1763-08-13, de Voltaire [François Marie Arouet] à Jeanne Grâce Bosc Du Bouchet, comtesse d'Argental.

L'un des anges, je reçois la lettre dont vous m'honorez du 4e auguste.
Je vous envoie, pour vous amuser, un premier acte, un peu plus poli que n'était l'autre, plus dialogué, et plus convenable. Il y a, dans tous les actes, des morceaux que j'ai fortifiés, mais à présent que j'ai un maudit procès pour mes dîmes, et que je fais des écritures, je ne peux guère faire d'écrits; j'ai eu douze jours de bon, je les ai employés à brocher un drame, cela est bien honnête. Avouez, madame, qu'il sera bien plaisant d'être sous le masque, donnez vous ce plaisir là, je vous prie.

J'ai peur que mr le duc de Praslin n'aime pas mon impératrice de Russie, j'ai peur qu'on ne la dégote; il ne me restait plus que cette tête couronnée, il m'en faut une absolument.

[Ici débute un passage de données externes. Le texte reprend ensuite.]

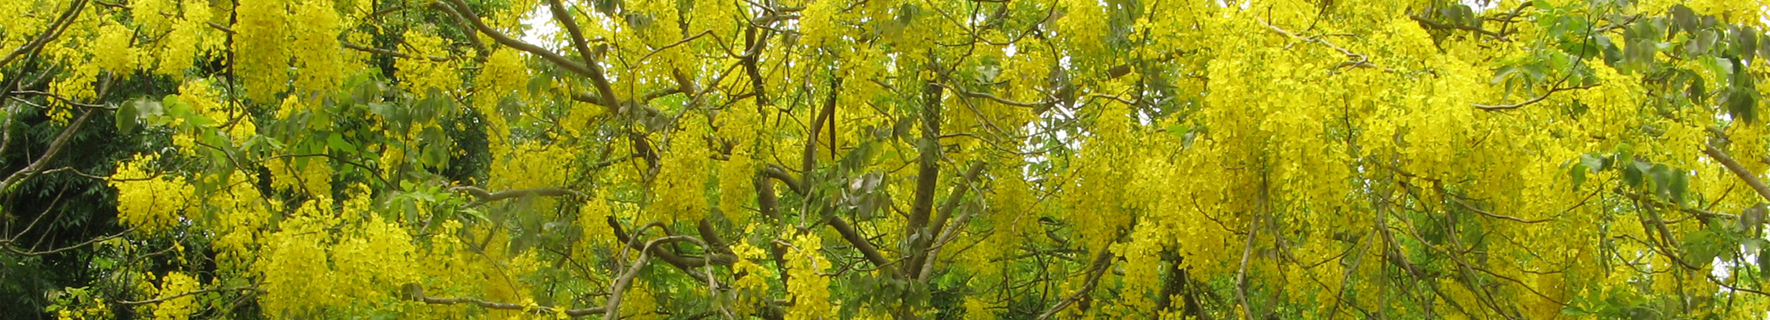 黃風鈴樹近照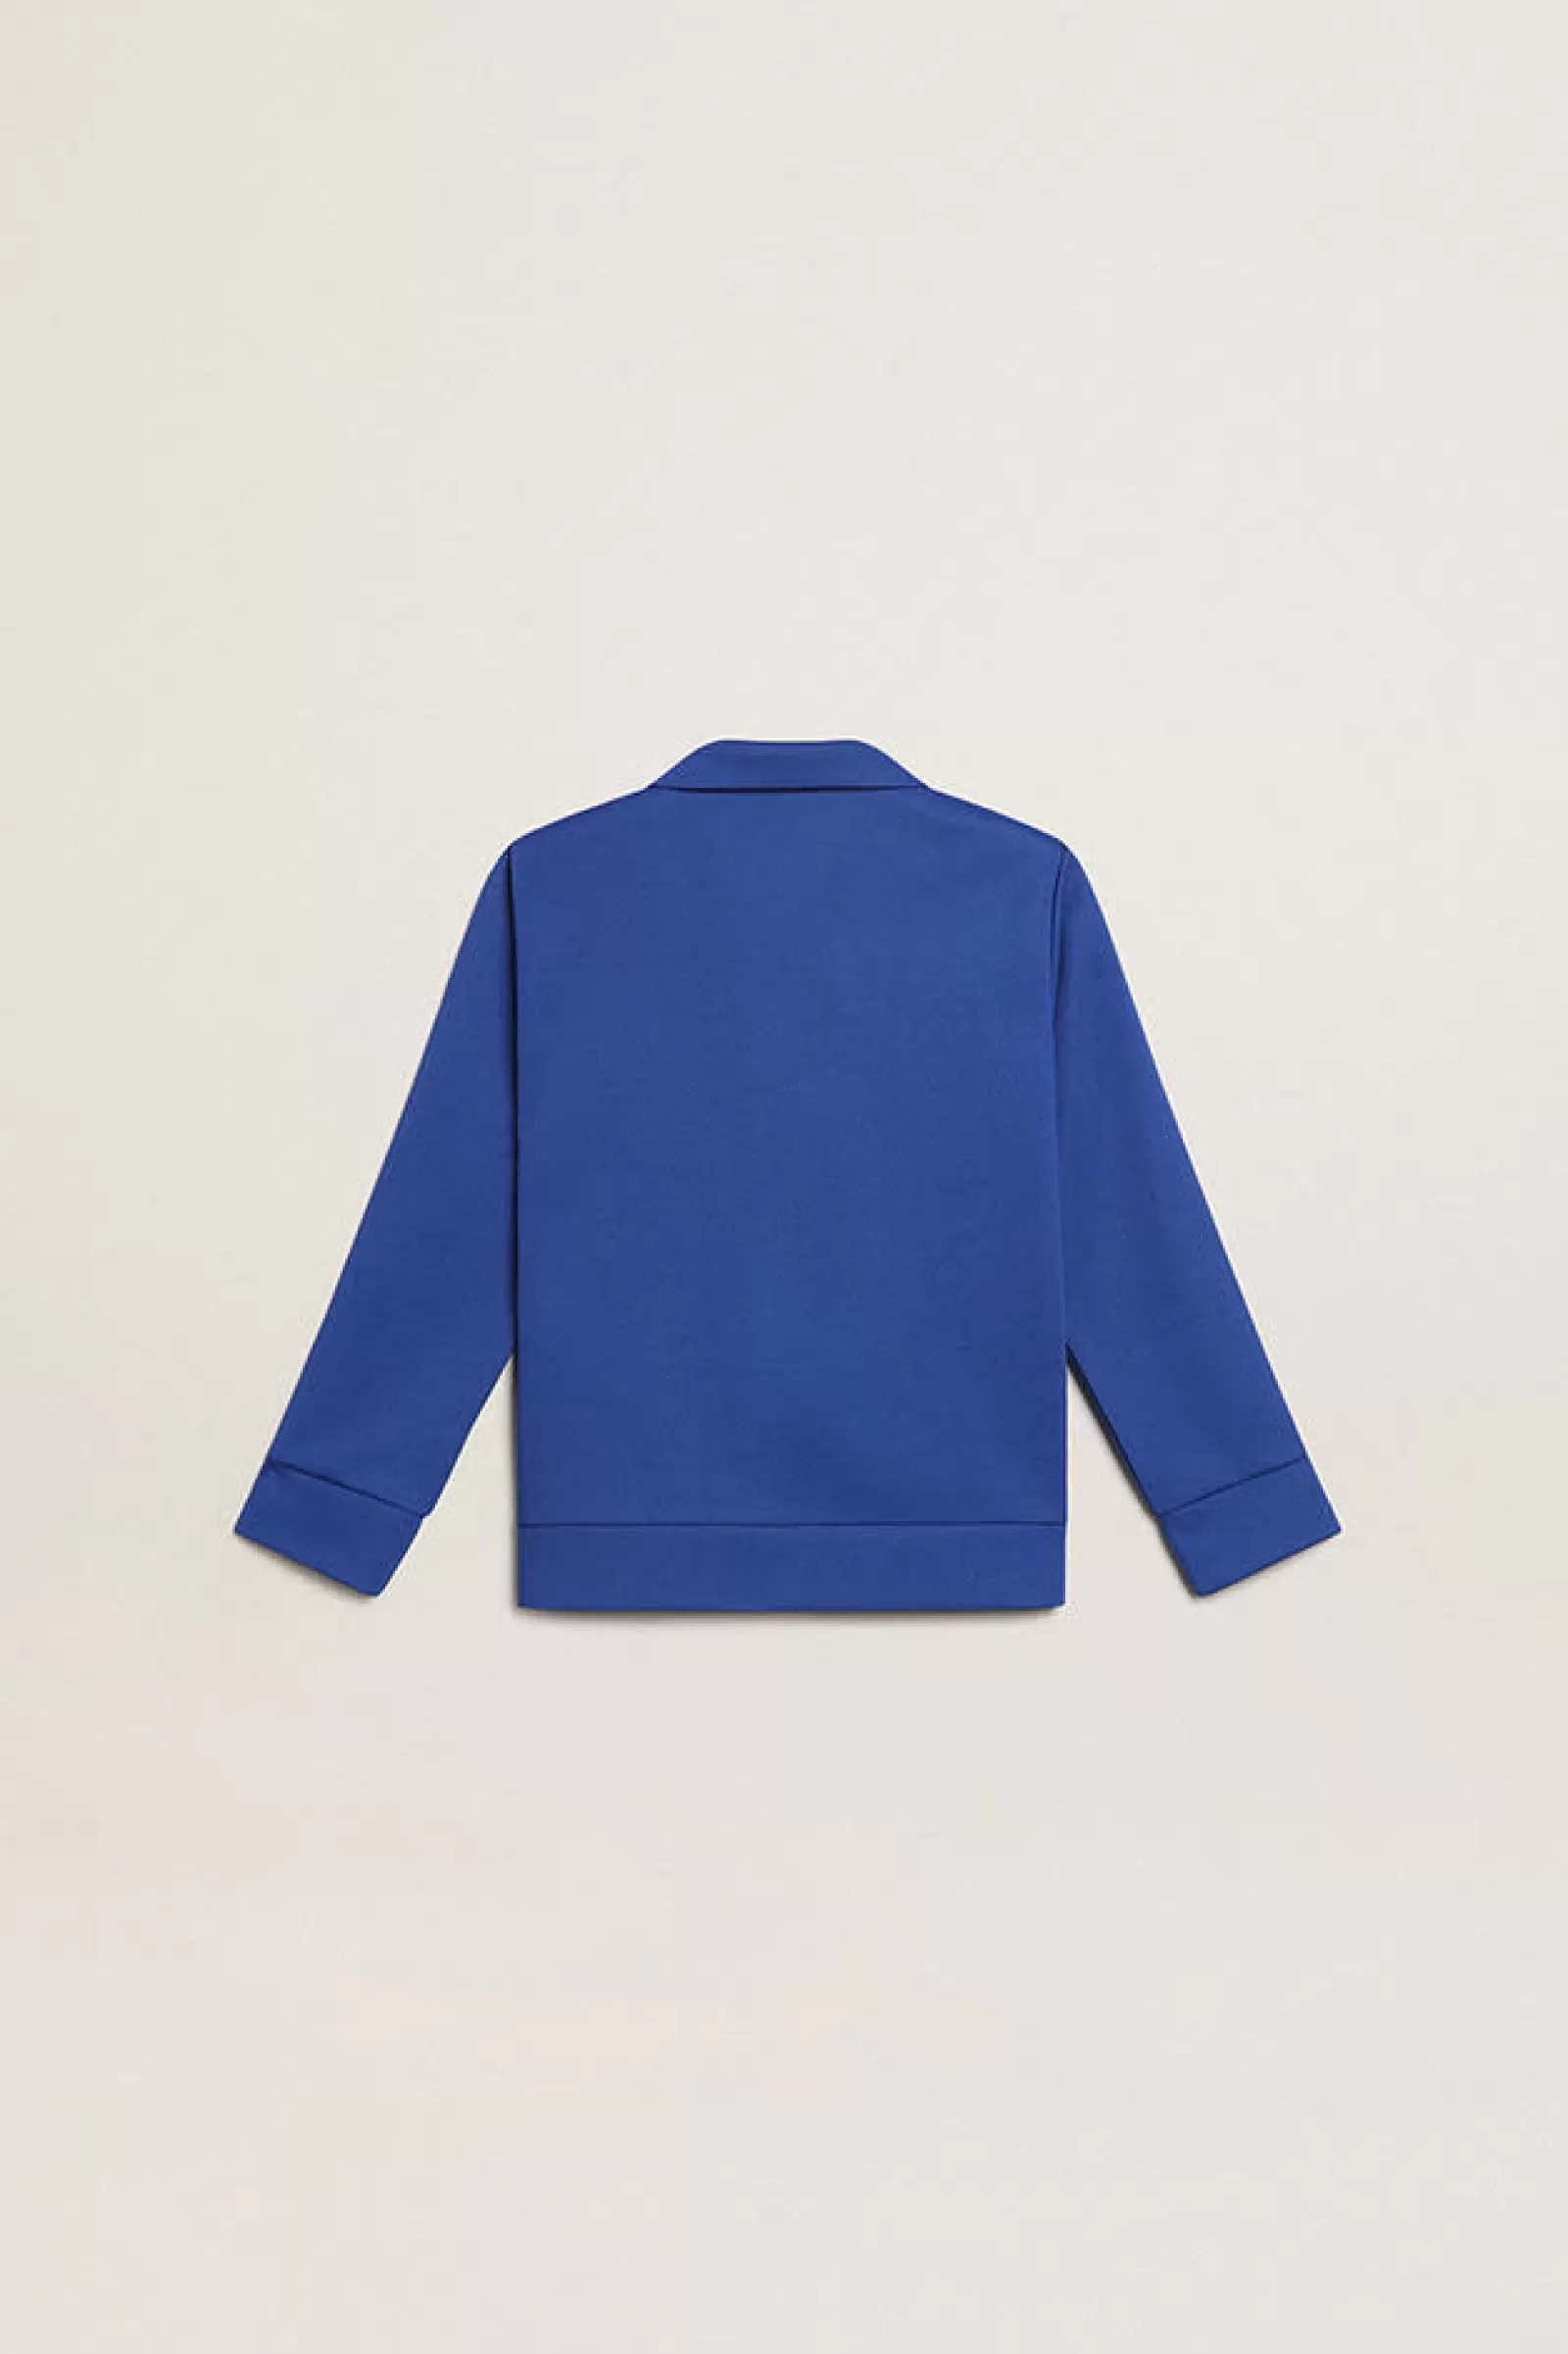 Sweat-shirt bleuet avec fermeture à glissière, bande blanche et étoiles bleuet | Golden Goose Sale

J'ai lu les quatre saisons du cardinal de Bernis, c'est une terrible profusion de fleurs. J'aurais voulu que les bouquets eussent été arrangés avec plus de soin. Je jouis pleinement de ce qu'il a chanté. Vous ne savez pas, madame, combien l'on est heureux d'être à la campagne, et peut-être qu'il ne le sait pas non plus.

Je ris aux anges, c'est à dire que je suis rempli pour vous, madame, du plus tendre respect.

V.

Mad. Denis, et ma petite famille qui rit et saute tout le jour, baisent humblement le bout de vos ailes.